» Task goal
Look through the data below for the line with "North Las Vegas" and the line with "View of the", then transcribe exactly from the first through the second, leaving out all pictures.

» Records supplied
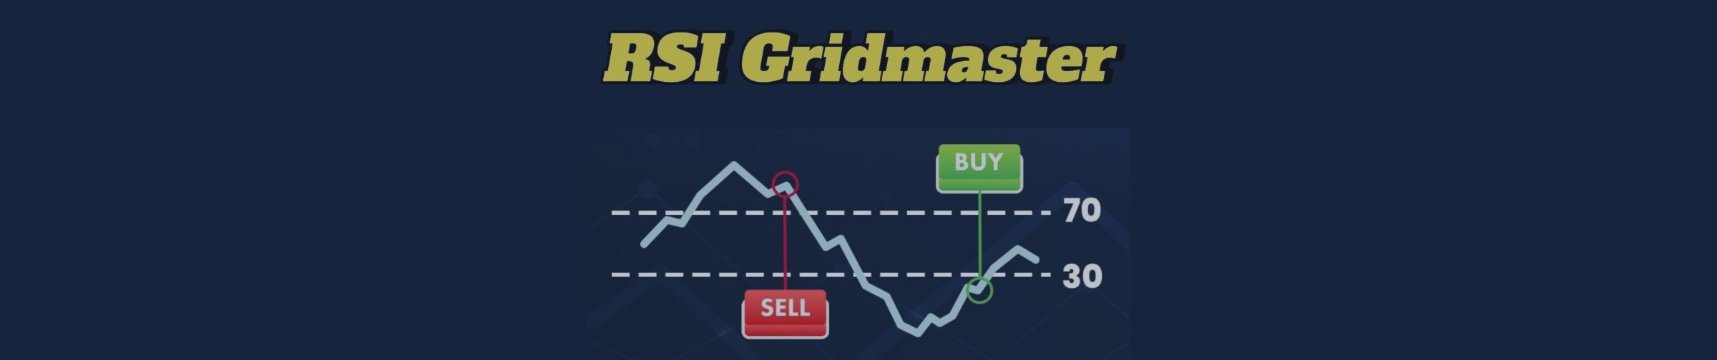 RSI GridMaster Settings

* * *

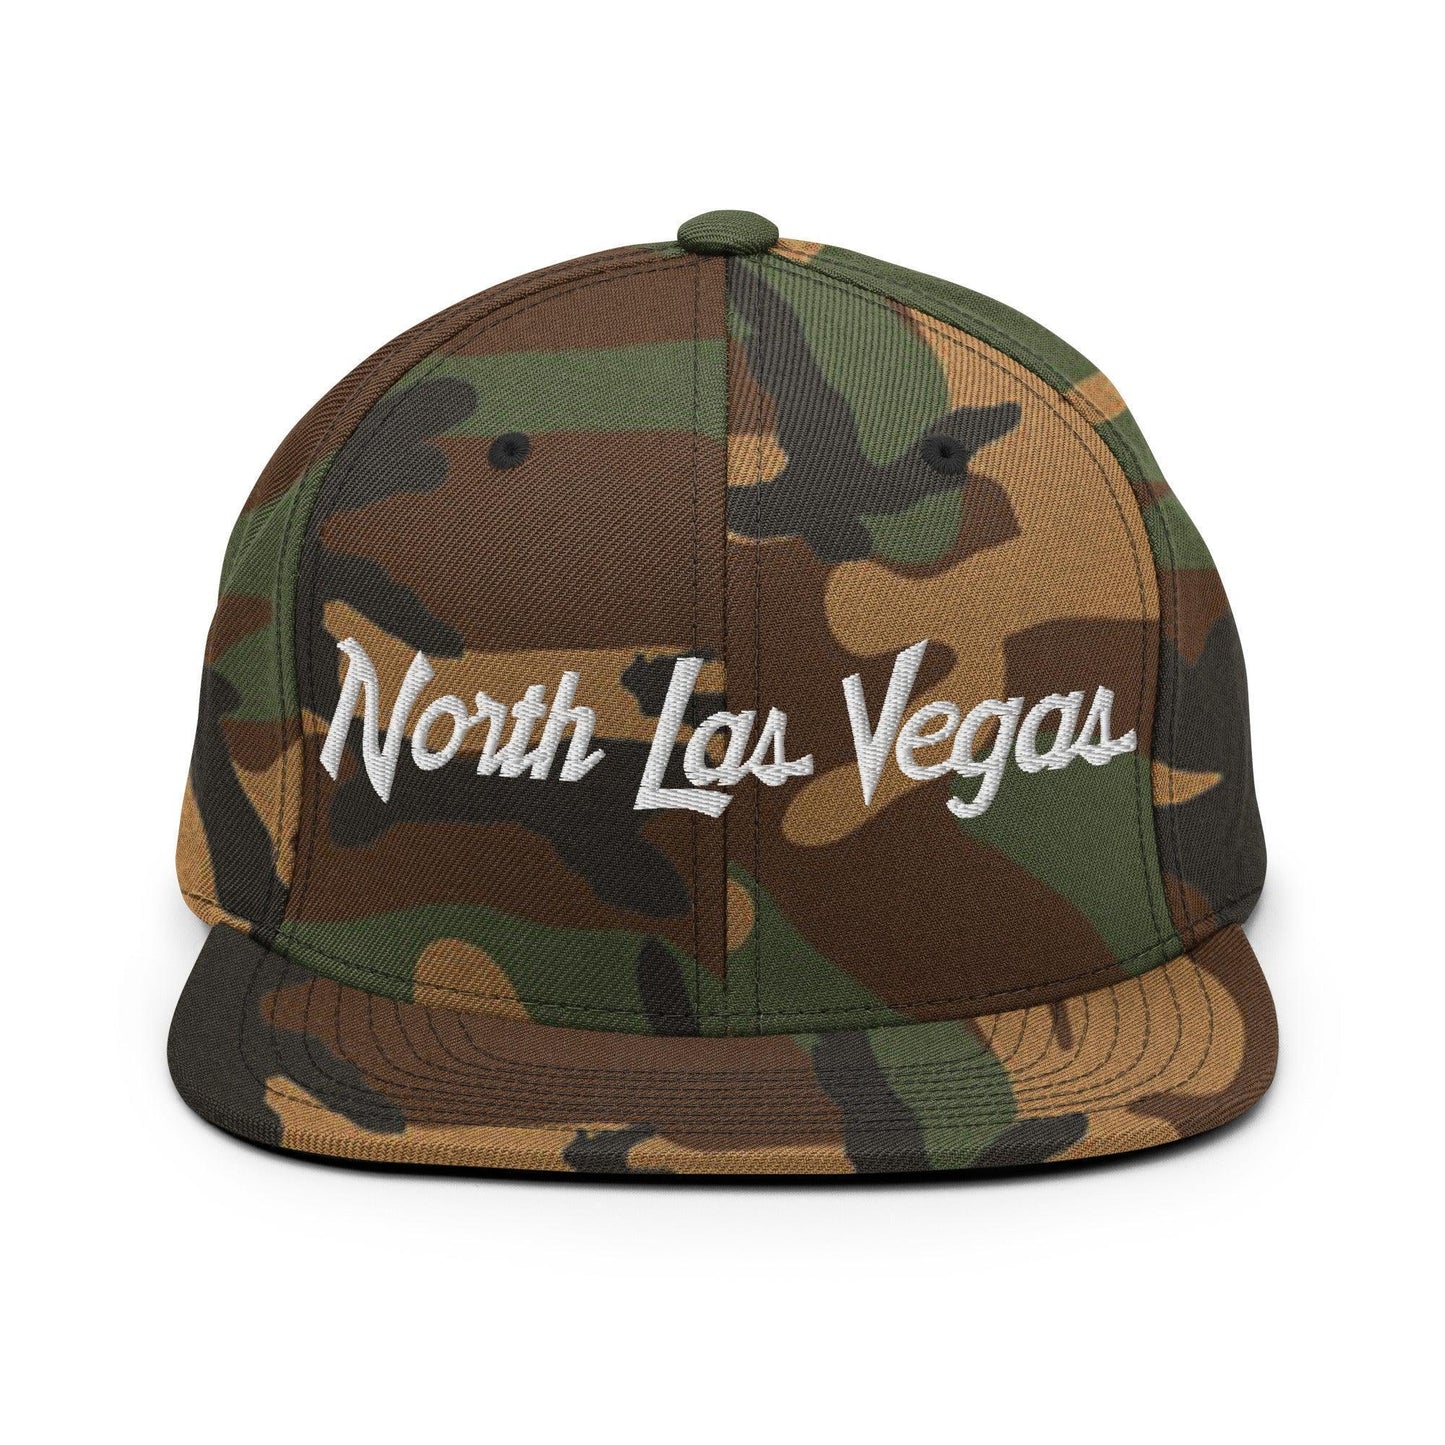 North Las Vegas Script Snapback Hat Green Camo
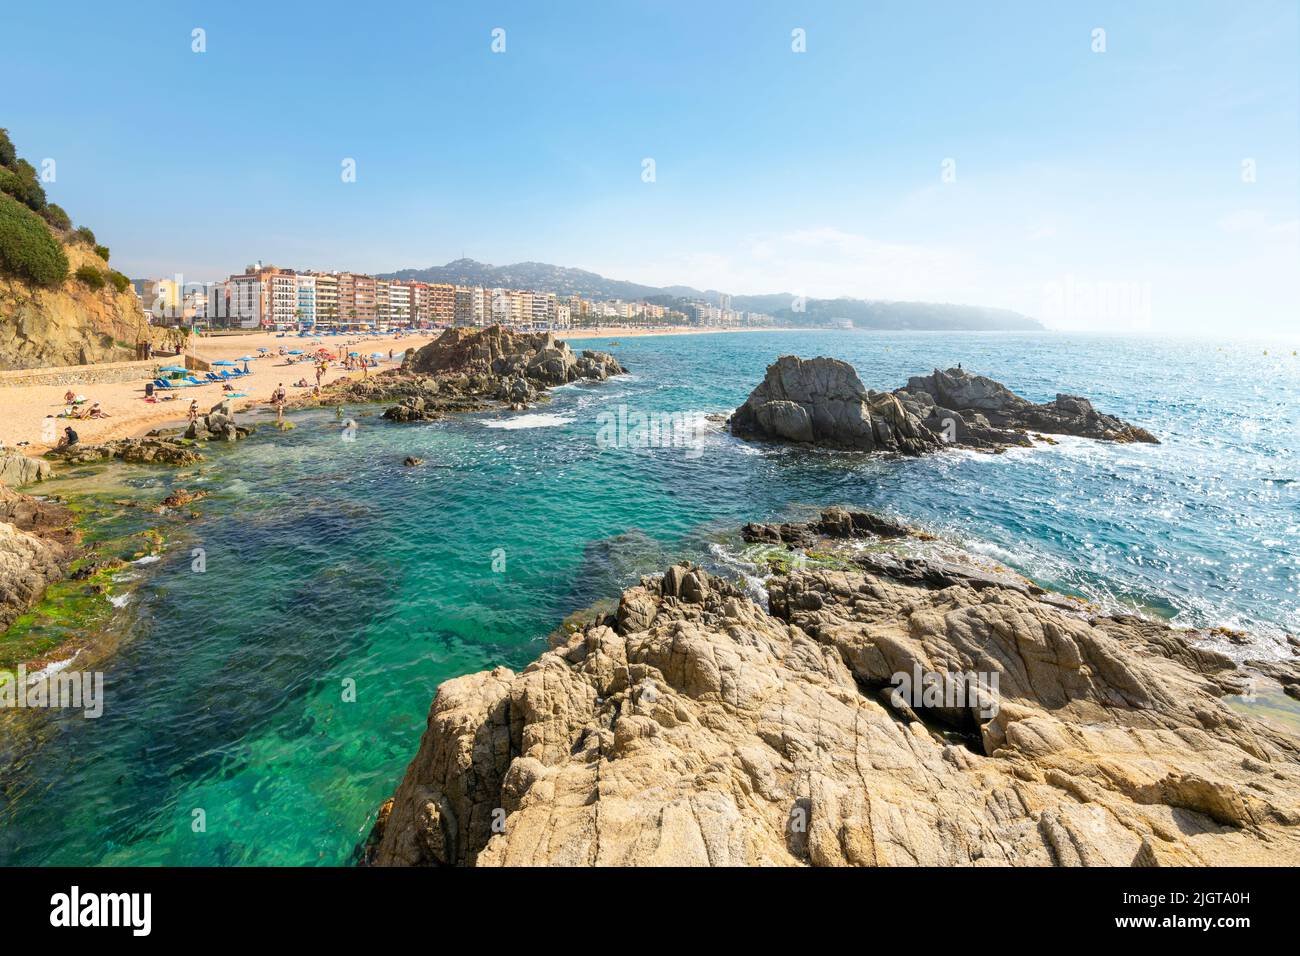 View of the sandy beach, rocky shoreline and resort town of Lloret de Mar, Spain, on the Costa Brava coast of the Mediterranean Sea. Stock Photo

» Output of the exercise
 North Las Vegas Script Snapback Hat Green Camo
 View of the sandy beach, rocky shoreline and resort town of Lloret de Mar, Spain, on the Costa Brava coast of the Mediterranean Sea. Stock Photo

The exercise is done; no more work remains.